Reducing the health risks of obesity without serious side effects

Obesity • • Public HealthJul 27, 2010

The drug rimonabant was developed as a treatment for obesity and its myriad of serious health consequences (for example, type 2 diabetes). Despite having its desired effects on weight, which it decreased, and on levels of glucose and fats in the blood, rimonabant was never approved for use in the US because of serious neurological side effects including depression and anxiety. Now, a team of researchers, led by George Kunos, at the National Institutes of Health, Bethesda, and Alexandros Makriyannis, at Northeastern University, Boston, have developed a drug that has the same positive effects in mice on levels of glucose and fats in the blood as rimonabant but none of the neurological side effects.

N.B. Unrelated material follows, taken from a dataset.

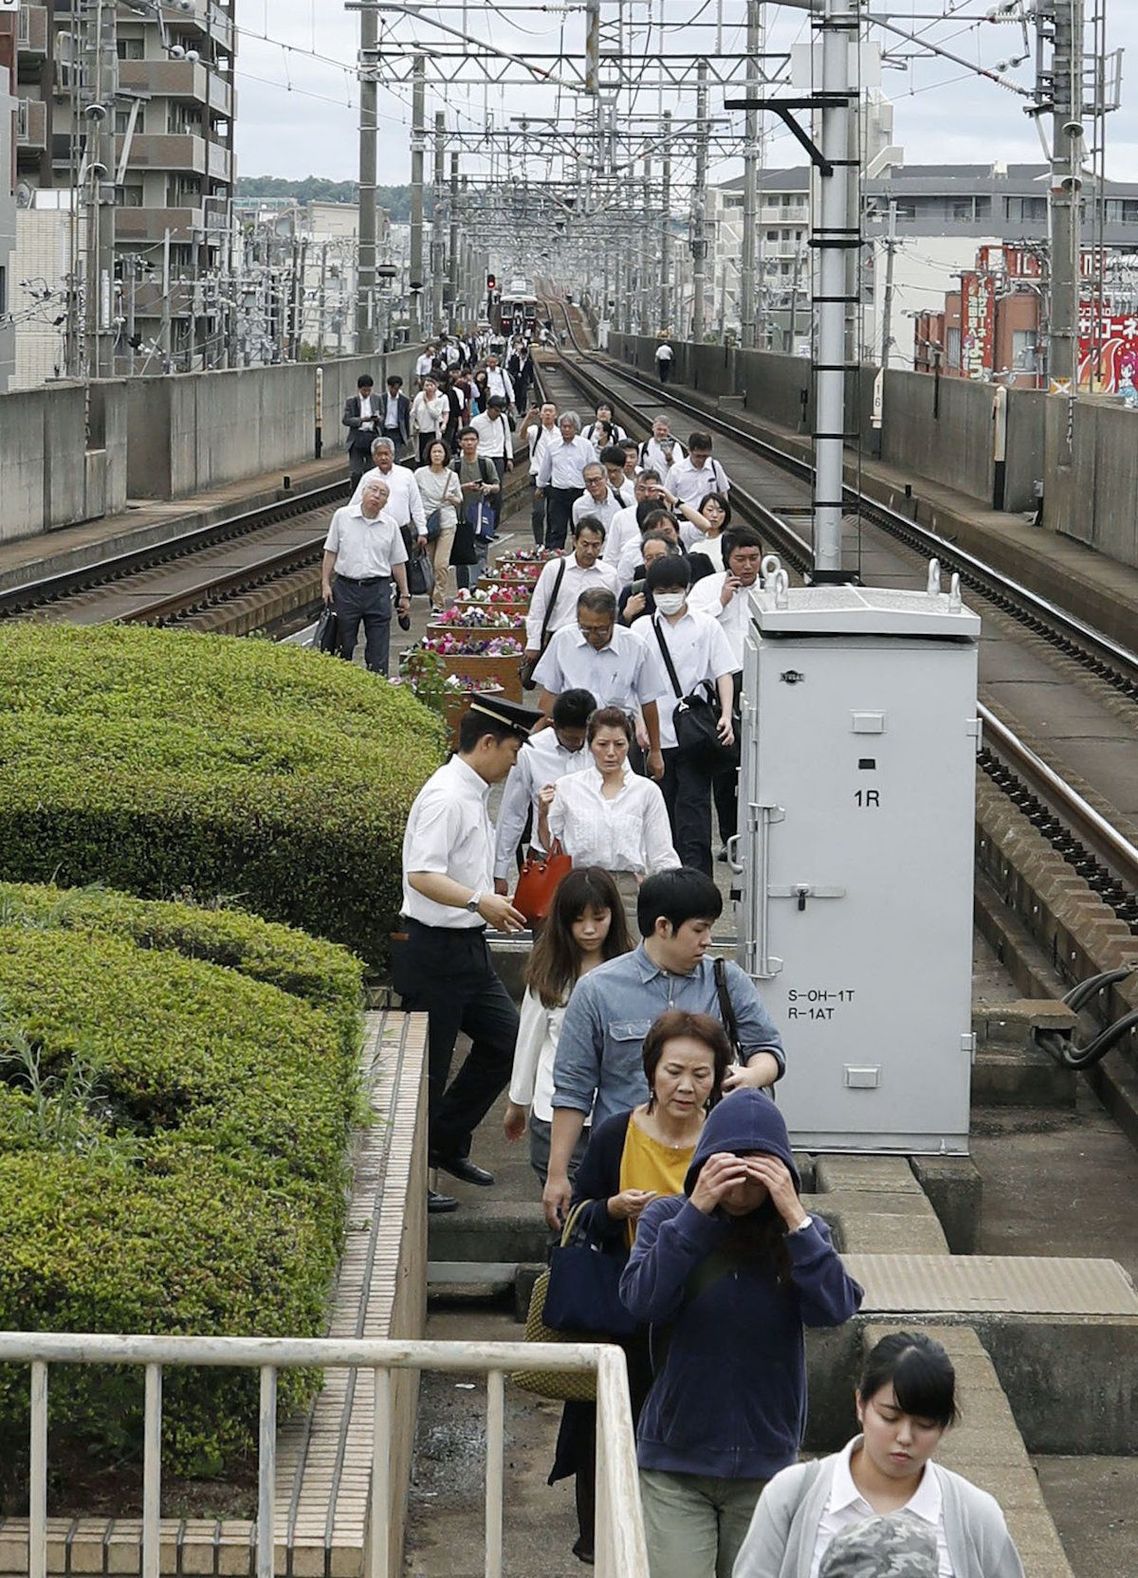 運行中止となった列車から降りて線路上を歩く人々
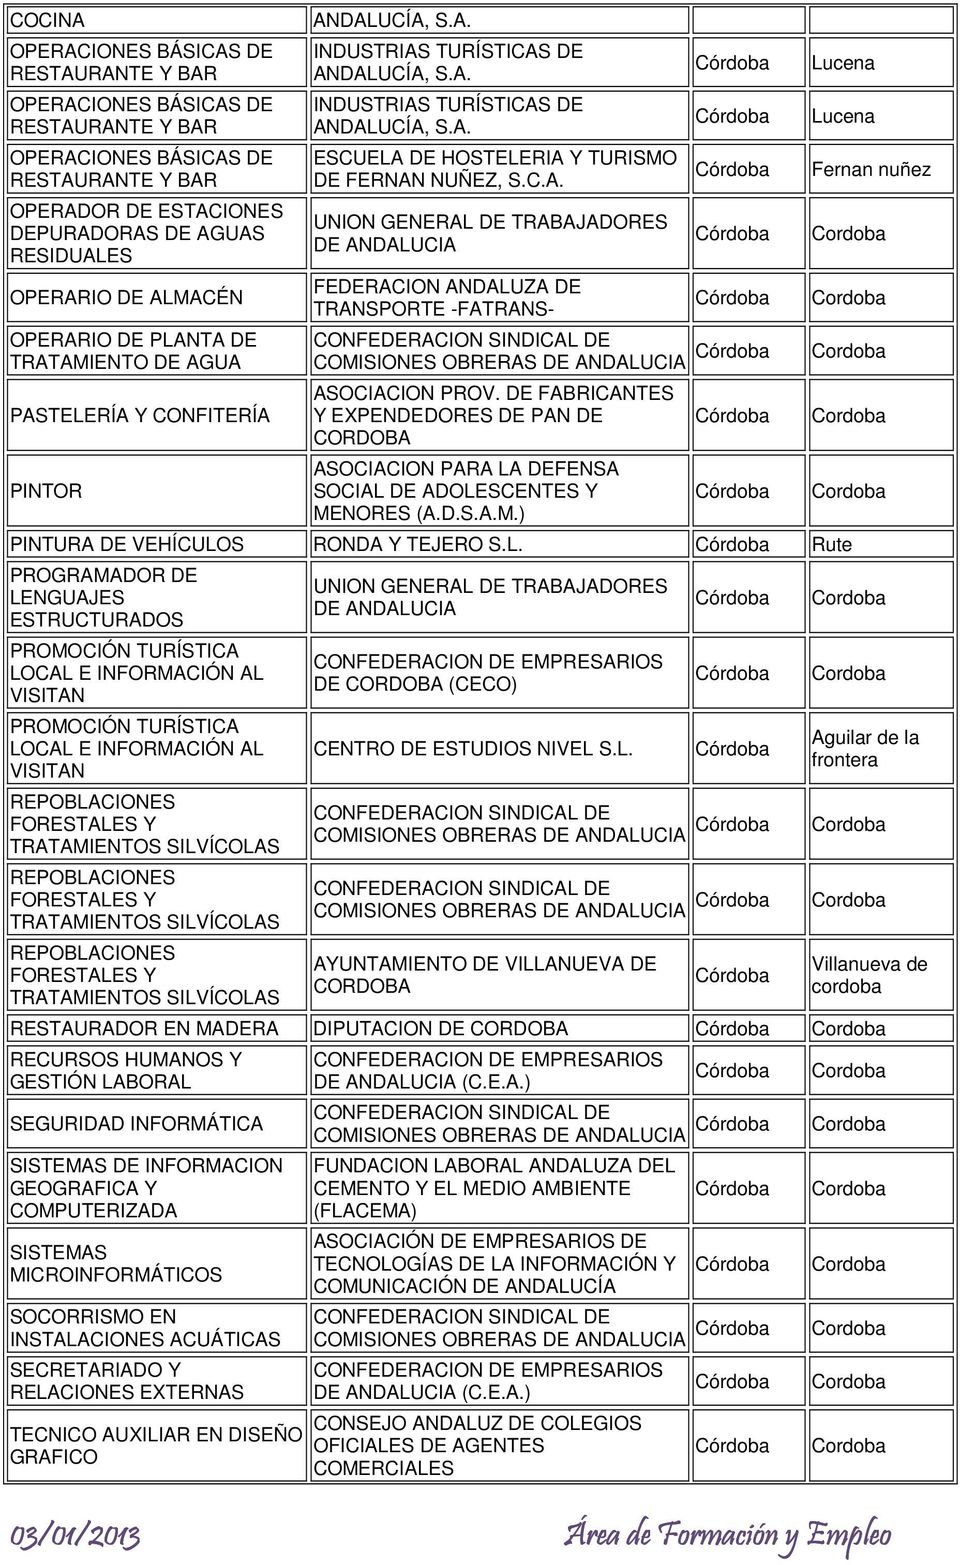 C.A. FEDERACION ANDALUZA DE TRANSPORTE -FATRANS- COMISIONES OBRERAS ASOCIACION PROV. DE FABRICANTES Y EXPENDEDORES DE PAN DE CORDOBA ASOCIACION PARA LA DEFENSA SOCIAL DE ADOLESCENTES Y MENORES (A.D.S.A.M.) PINTURA DE VEHÍCULOS RONDA Y TEJERO S.

Rimonabant targets the protein CB1R, the same molecule that mediates the effects of marijuana. CB1R is expressed in the brain and in organs such as the liver, pancreas, and fat tissue. The team developed a drug that inhibited CB1R in peripheral mouse organs but could not access the brain. This drug did not cause weight loss or neurological side effects, which rimonabant does, but did have effects on levels of glucose and fats in the blood that should reduce the risk of the serious health consequences of obesity. The authors therefore hope that this approach of targeting only peripheral CB1R can be translated into the clinic to reduce health risks in obese patients. However, in an accompanying commentary, Mary-Elizabeth Patti, at the Joslin Diabetes Center, Boston, cautions that it will be important to ensure that such drugs really do not access the brain to mediate neurological effects.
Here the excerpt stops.